FIGS. 5 and 6 show an embodiment of a structure 38 of the large connecting rod eye 3 which may be introduced into the surface 12, 13 of the connecting rod eye 2, 3 and is formed by round pockets 10. The round pockets 10 are suitably uniformly introduced into the surface 40. The round pockets 10 have a circular depression 8 whose outer periphery is also surrounded by a circular elevation 9. The round pockets 10 are also introduced into a surface 40 having a basic structure 23.

FIGS. 7 through 12 show examples of an arrangement of a structure on a surface. The double arrow 36 thereby designates the peripheral direction of the connecting rod eye or of the bearing shell. In the structure 24 shown in FIG. 7, the pockets 25 are disposed in a regular pattern. The pockets 25 may have a depression 8 and an elevation 9, in correspondence with the round pockets 10 shown in FIGS. 5 and 6. The structure 24 is suitably introduced on the bore surface 12 of the small connecting rod eye 2 or the bore surface 13 of the large connecting rod eye 3. It may also be appropriate to provide pockets 25 without elevations 9. Such pockets reduce the friction between the sliding partners, since they are used as a lubricant reservoir thereby permitting full hydrodynamic lubrication. The pockets simultaneously act as micro-pressure chambers. Pockets 25 of such a design are suitably disposed on the inner surface 21 of the bearing shell 4 and/or on the outer periphery of a piston pin and on the inner surface 18 of the bearing shell 5 and/or the outer surface 19 of the crankshaft 16.

FIG. 8 shows elongated pockets 27 which extend approximately in a peripheral direction. The elongated pockets 27 are disposed at regular intervals and form a structure 26. The structure 28 of FIG. 9 is formed by elongated pockets 29 which extend approximately transversely to the peripheral direction. It may also be suitable to provide elongated pockets which subtend an angle of between 0° and 90° with respect to the peripheral direction.
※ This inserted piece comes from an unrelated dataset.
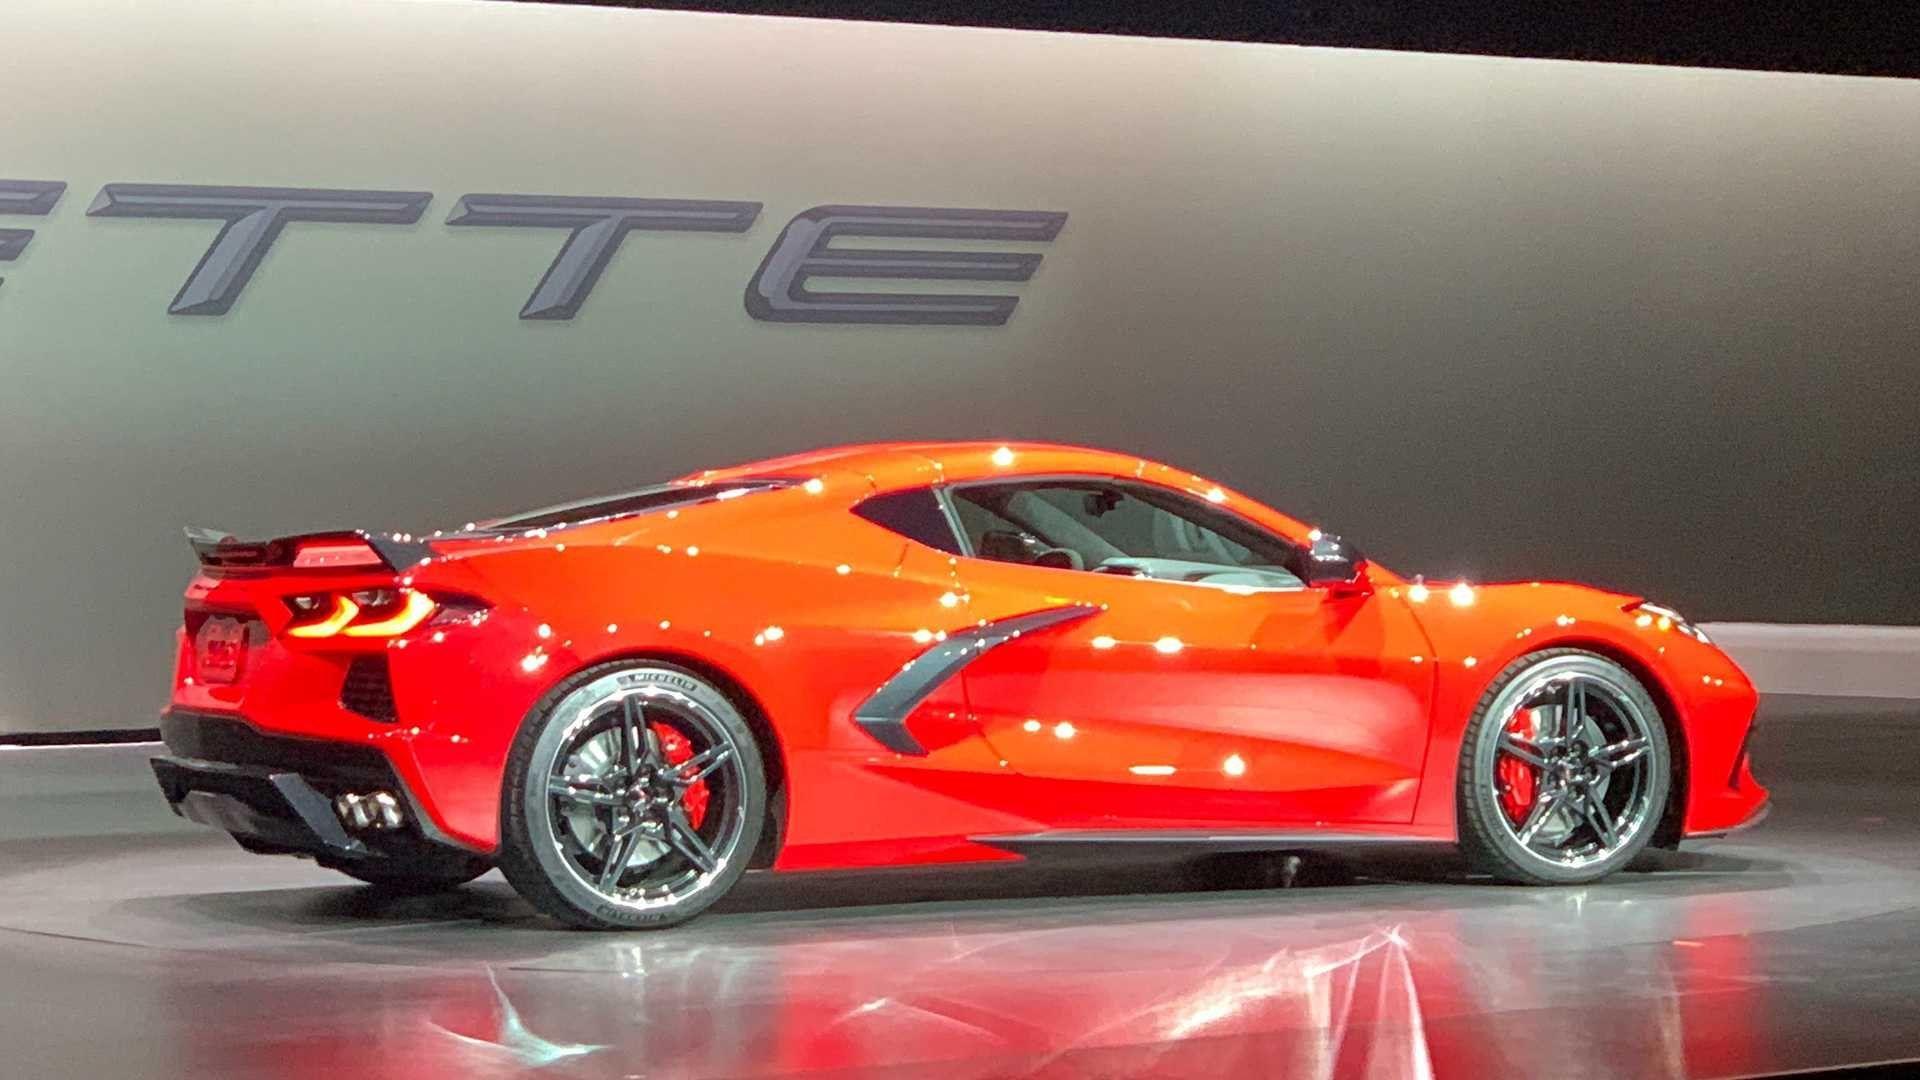 2020 Chevy Corvette Zora Zr1 New Model and Performance
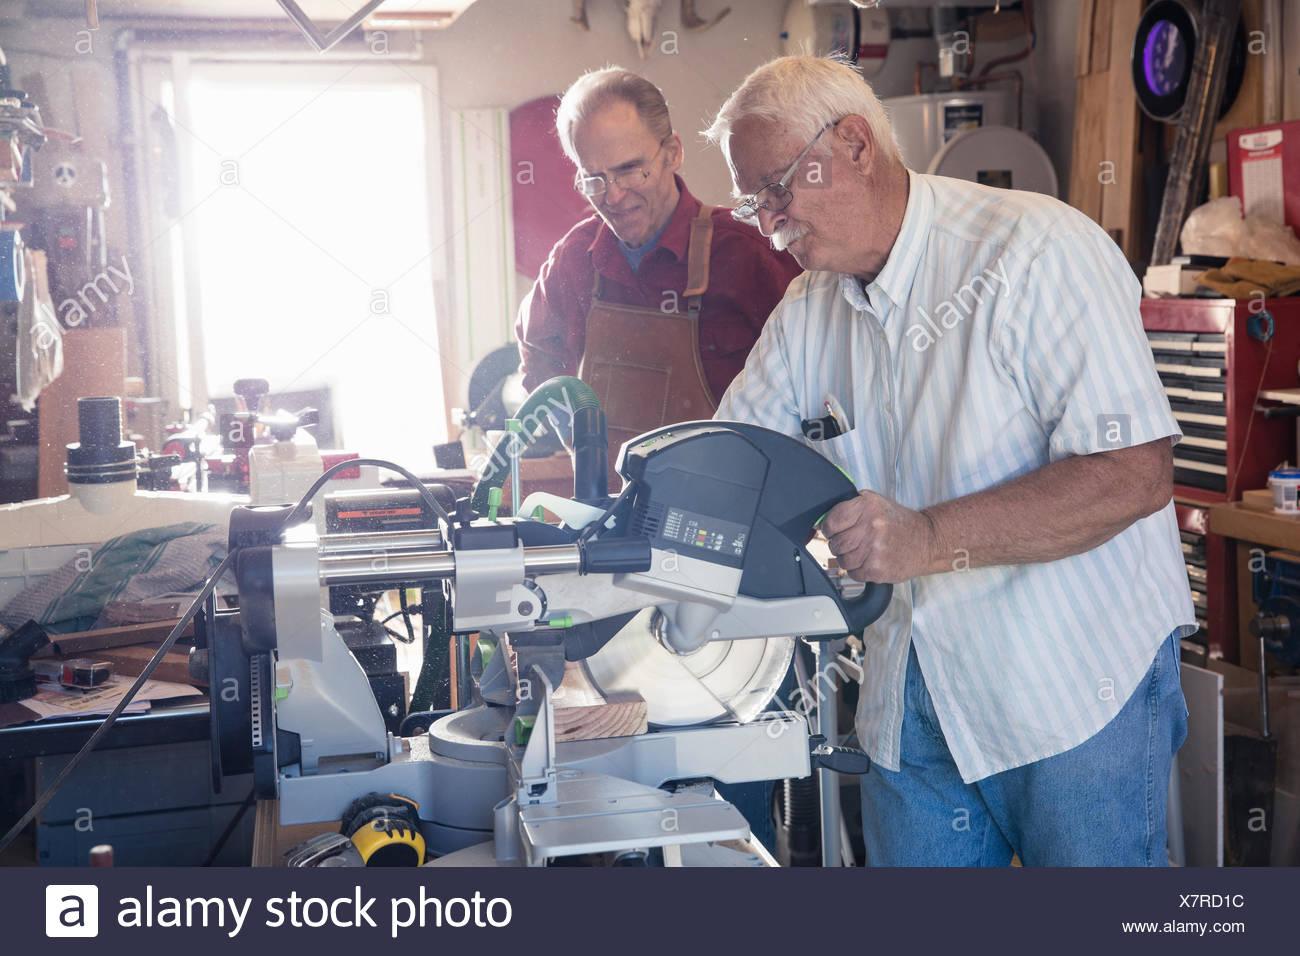 Senior men sawing woodblock in carpentry workshop - Stock Image

The structures 26 and 28 may be disposed on the inner surface 18 of the bearing shell 5 or the outer surface 19 of the crankshaft 16 and/or the inner surface 21 of the bearing shell 4 or the outer surface of a piston pin. The pockets 27 and 29 are thereby suitably formed only as depressions. The pockets 27 and 29 may each be delimited at their outer periphery by an elevation 9. Pockets 27 and 29 of this design increase friction and are preferably disposed on the surface 12 of the connecting rod eye 2 or the surface 13 of the connecting rod eye 3.

The structure 30 of FIG. 10 is formed by crossing furrows 31 which are each delimited by elevations 9. The furrows 31 have an angle of intersection a. The structure 30 is suitably formed on a surface 12, 13 of a connecting rod eye 2, 3. The adhesion of the structure 30 may be influenced by varying the angle of intersection α. FIG. 11 shows a structure 32 having wavy furrows 33. The outer periphery of the furrows 33 also comprises elevations 9. The furrows 33 are suitably disposed on the surfaces 12 and 13 of the connecting rod eyes 2 and 3. FIG. 12 shows a structure 34 with furrows 35 which extend parallel to each other. The furrows 35 are disposed approximately perpendicularly to the peripheral direction in FIG. 12. The furrows 35 may suitably subtend an angle of less than 90° with respect to the peripheral direction. The furrows 35 may also have elevations 9 at their outer periphery to increase the friction between connecting rod eye 2, 3 and bearing shell 4, 5.

A connecting rod 1 is advantageously produced by structuring the surface 12, 13 of one or both connecting rod eyes 2, 3 using a laser. The surface 12, 13 is advantageously fine machined before laser structuring thereby producing a basic structure 23 into which the structure is introduced. For pocket structures 10, 11, 24, 26, 28, the adhesion of a structure 6, 7 on the surface 12, 13 of a connecting rod eye 2, 3 may be greatly influenced by the surface portion. For cross structures 30, the adhesion can be changed by varying the angle of intersection α. The height b of the elevations 9 and the width of the elevations 9 have an influence on the adhesion of all structures.